_EXERCISE PROMPT_:
Send back the line that contains "YSL black croc" and all lines following it through the end of the data below, exactly, omitting pictures.

_GIVEN MATERIAL_:
___

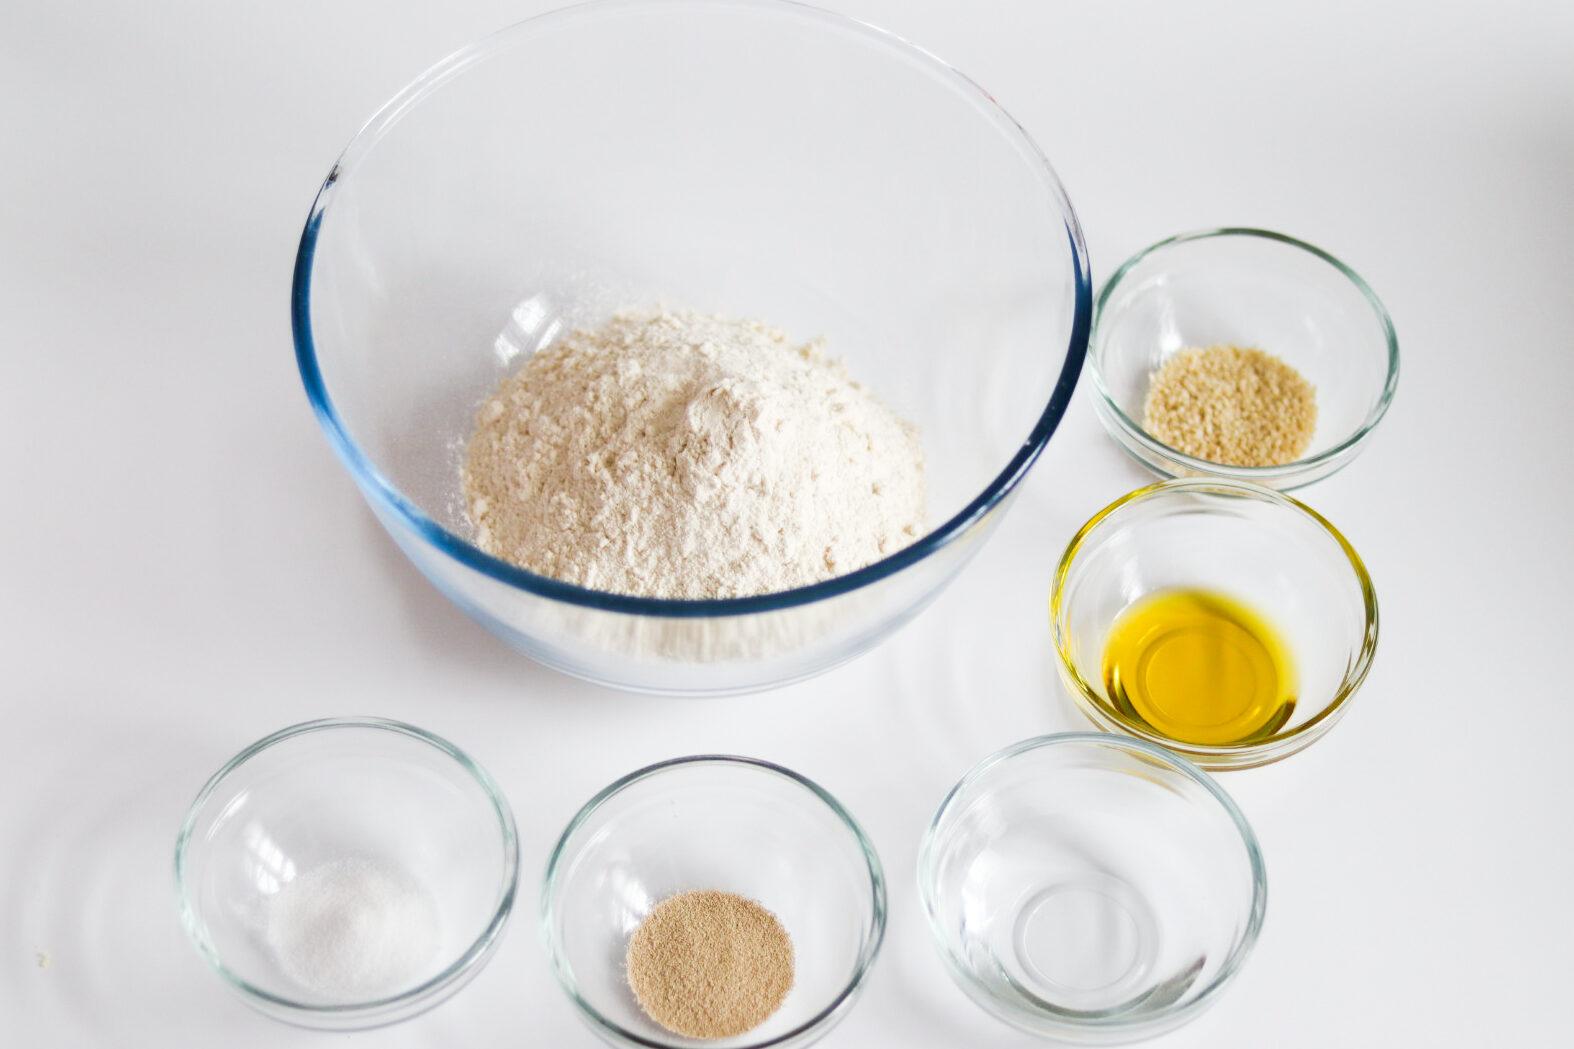 Breadsticks recipe ingredients.
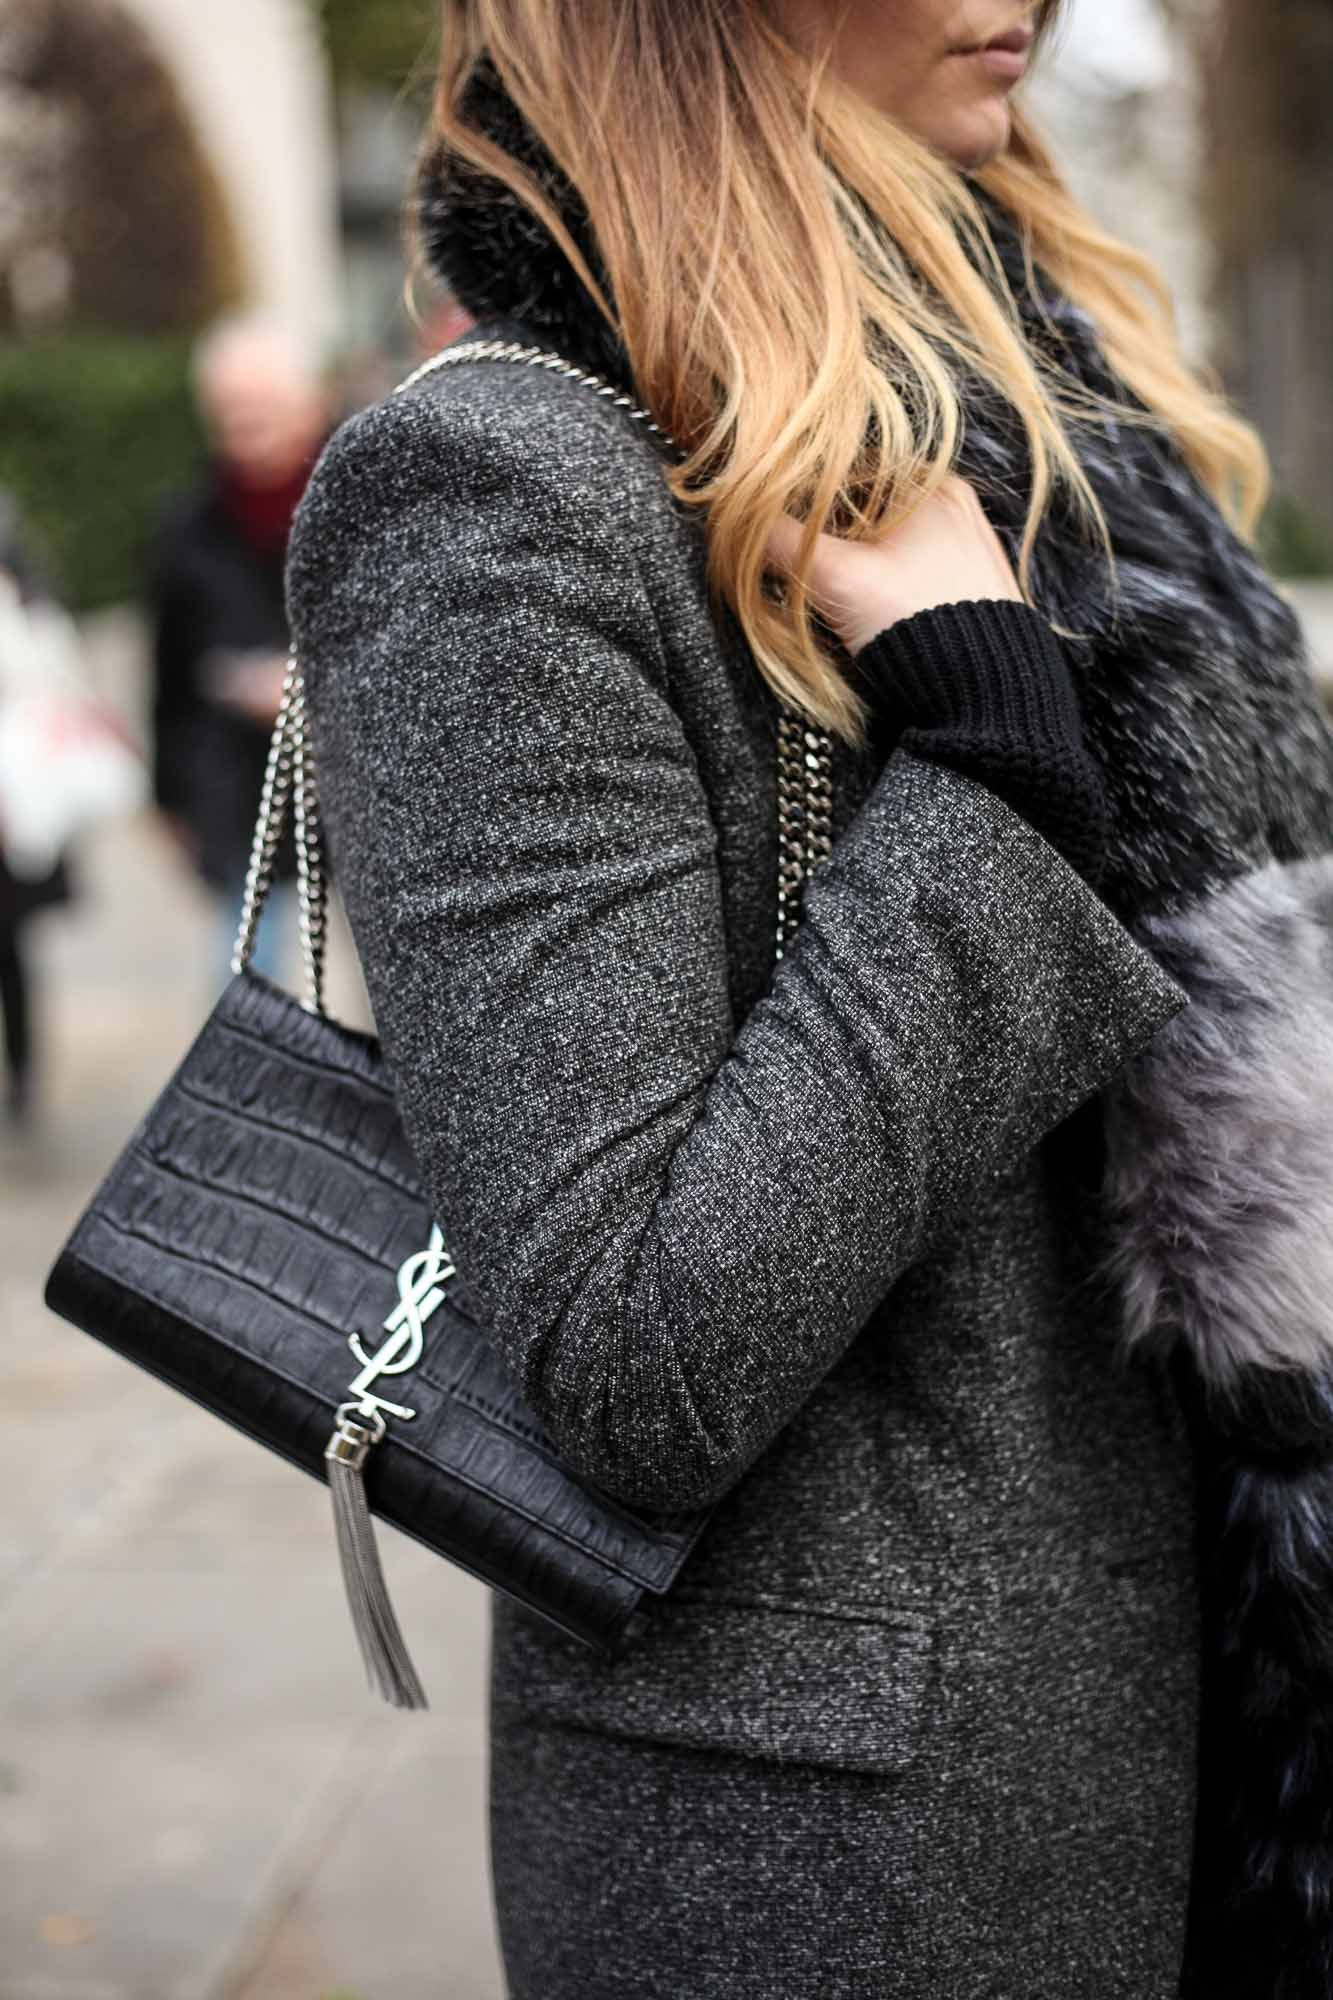 YSL black croc tassel bag in silver  8909cca732e16
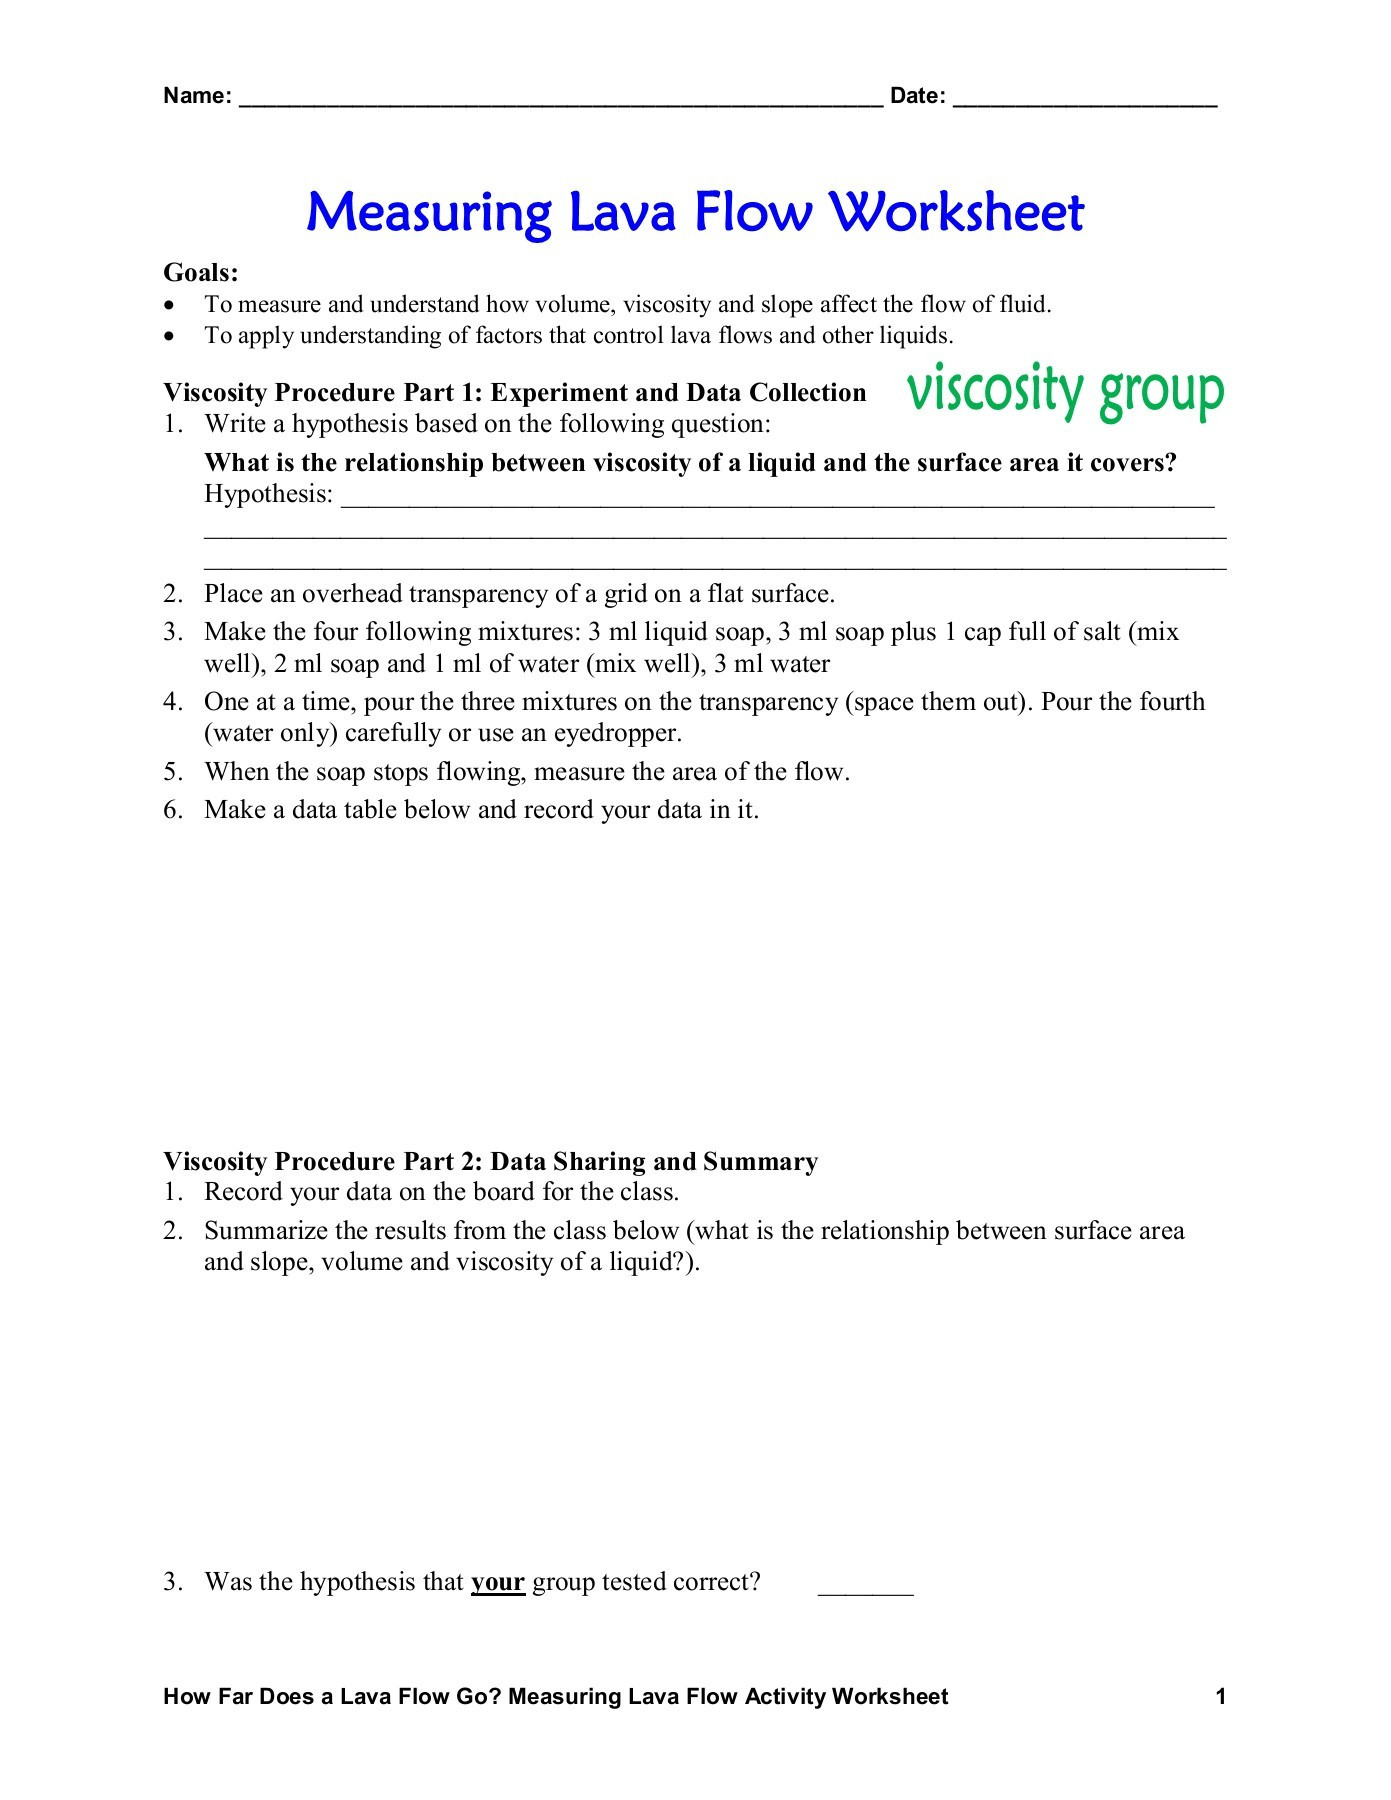 Writing A Hypothesis Worksheet Measuring Lava Flow Worksheet

___

_RESPONSE TO THE EXERCISE_:
 YSL black croc tassel bag in silver  8909cca732e16
 Writing A Hypothesis Worksheet Measuring Lava Flow Worksheet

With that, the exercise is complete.